Sapphire is an aluminum oxide. Its color varies from very light to dark blue and varieties of colorless (white sapphire), yellow, violet, pink, green and the pinkish-orange (padparadscha sapphire).


Sapphires are generally treated with x-ray and heat to intensify their color. Natural sapphires undergo heat and diffusion treatments almost always. Treatment of blue stones is permanent.


Ceylon Sapphires


The Ceylon Blue Sapphire is known for its beauty – possessing the glorious cornflower blue shade – as well as for being one of the few sapphires in the world that can be sold as a completely natural stone without heat treatment. The blues aside, Ceylon sapphires also come in beautiful hues including pink, yellow, orange, green, purple, lavender and of course, the inimitable padparadscha sapphire (Pink-Orange). All these highly marketable qualities of Ceylon sapphire has created brand recognition world wide - a brand not created by the producers of the stone, but by the sellers and consumers.


Sapphires that show a star-like light effect are called star sapphires; the most famous star sapphire from Sri Lanka is displayed in the Museum of Natural History in New York. Star sapphires or star rubies display a star-like marking and this effect, commonly known as asterism, occurs when light falls on the cut stone, cut in the cabochon form, and three rays appear giving a six-point star.

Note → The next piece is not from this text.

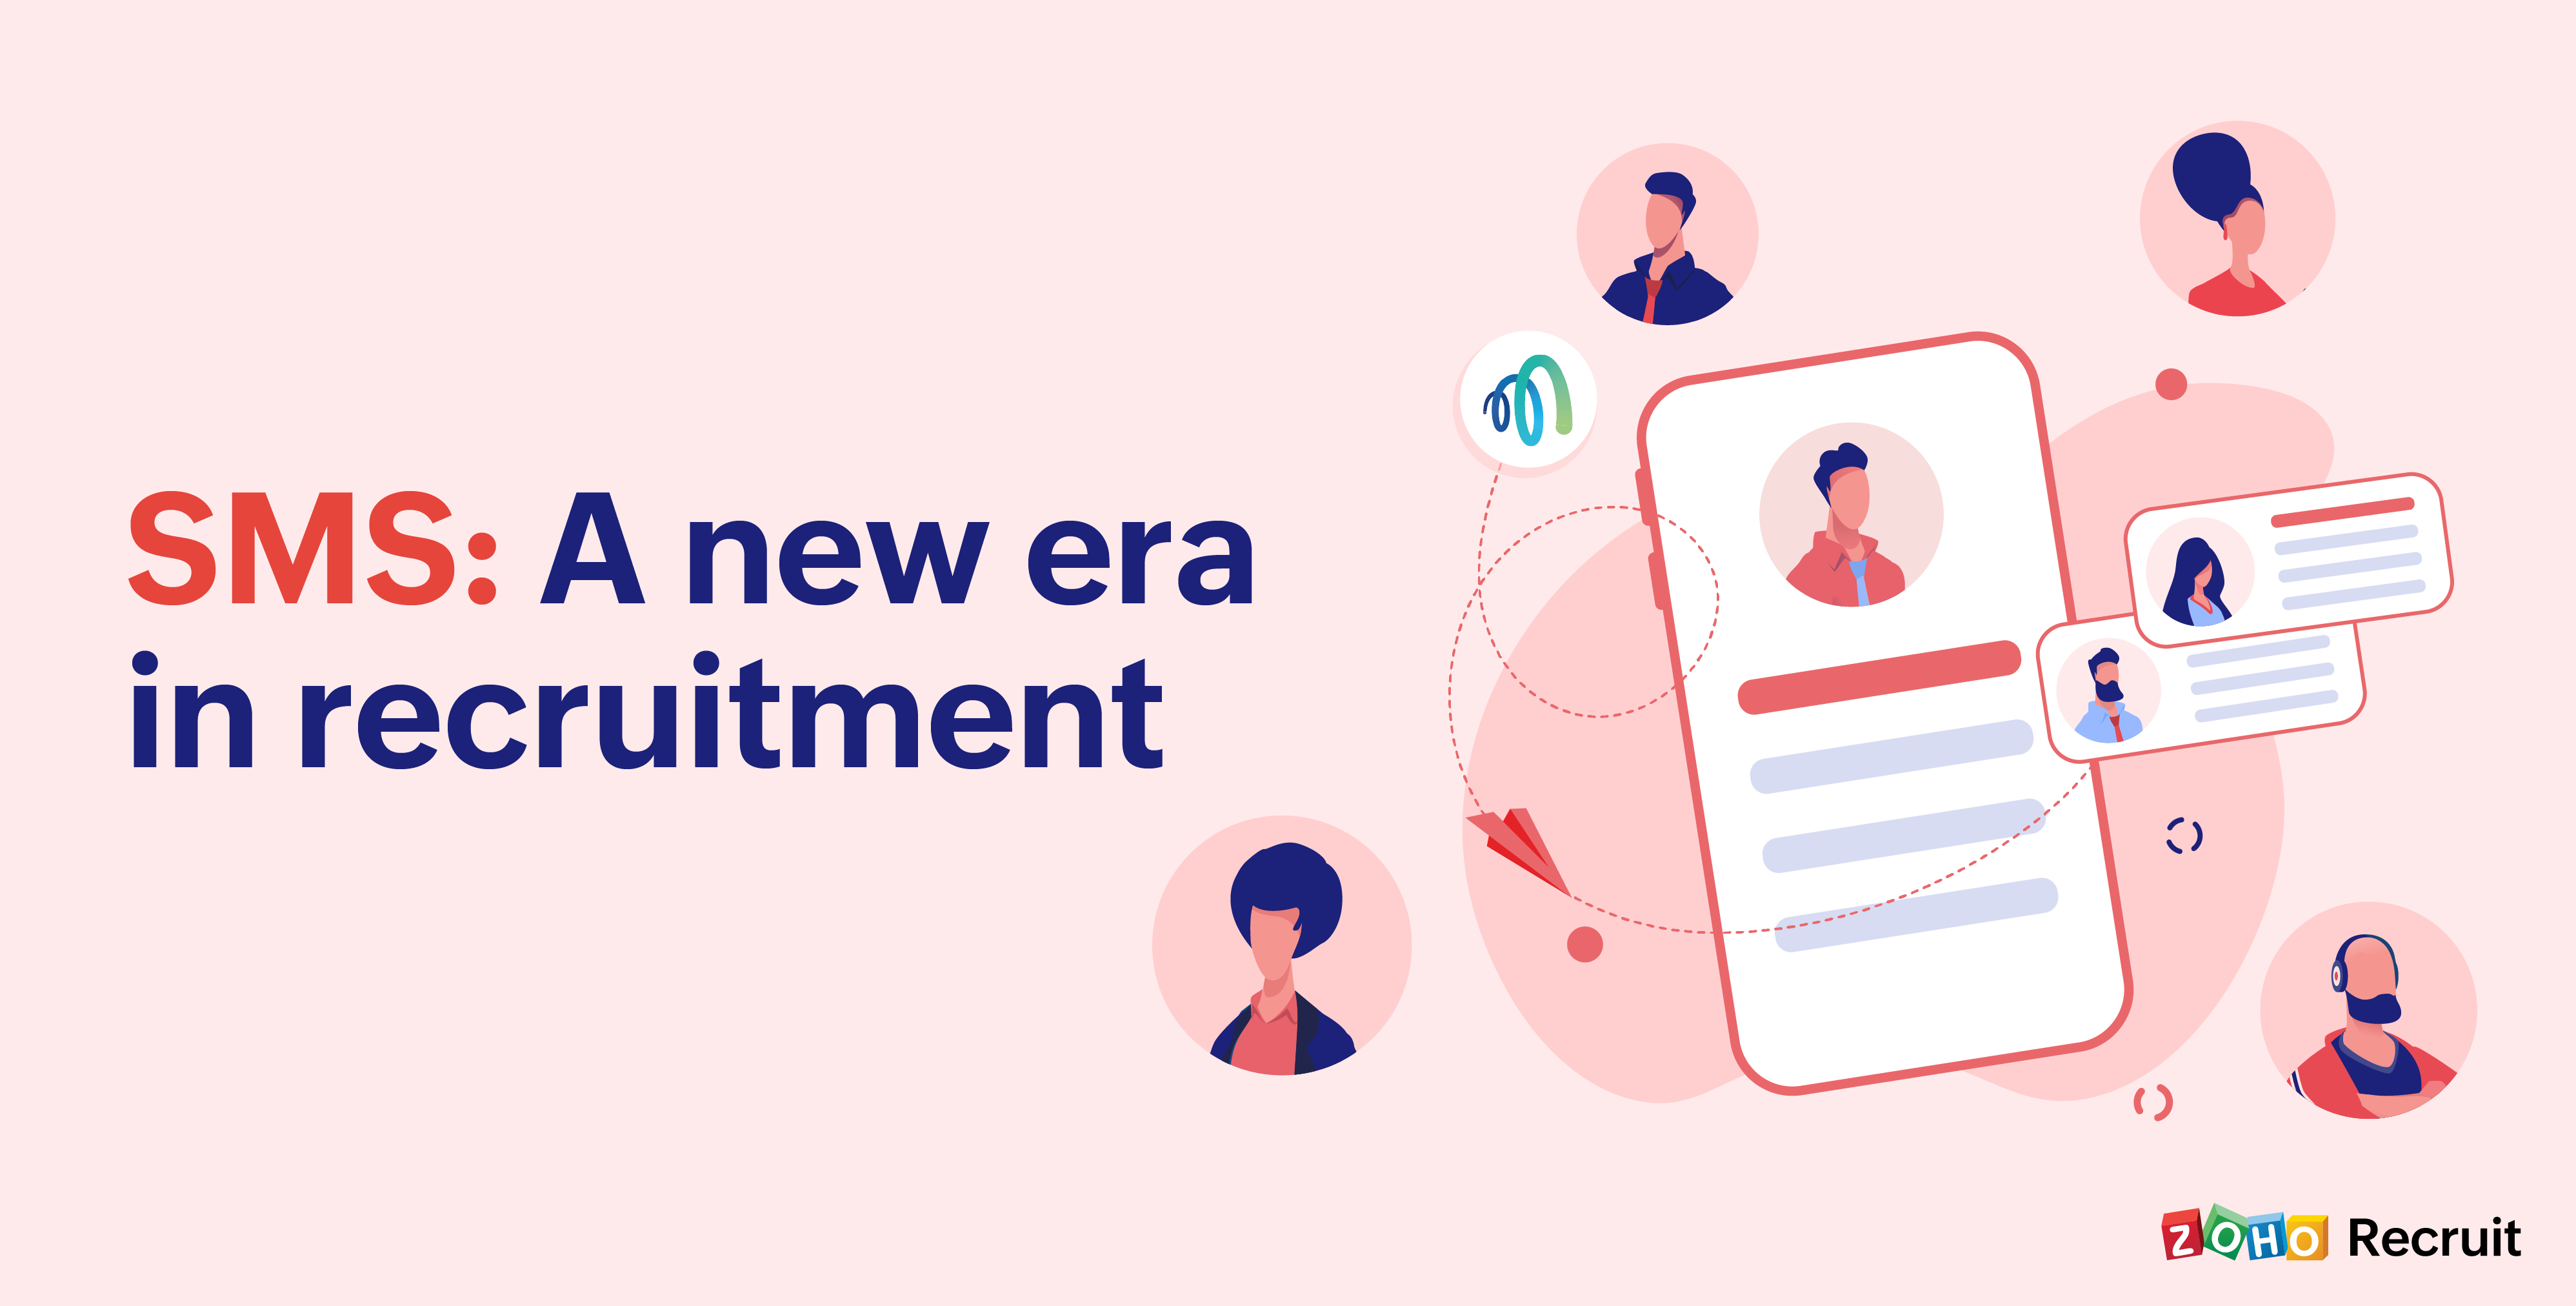 How you can use SMS throughout the candidate hiring process

Lastly, there is milky corundum, a white opaque form of corundum also called geuda, which for many years was regarded as useless and discarded, often ending up lining fish tanks in some gemstone merchant's house. This happened until dealers in Thailand learned to heat-treat geudas to change the color of the stone from an unattractive cloudy grey-white to a bright, sparkling blue. They completed the work nature began and ended up with a blue sapphire - of much greater value than a useless pebble. The color of heat-treated blue sapphires are stable and the chemical composition of the stone is that of a sapphire, although prices are lower than for a similar quality stone with natural color.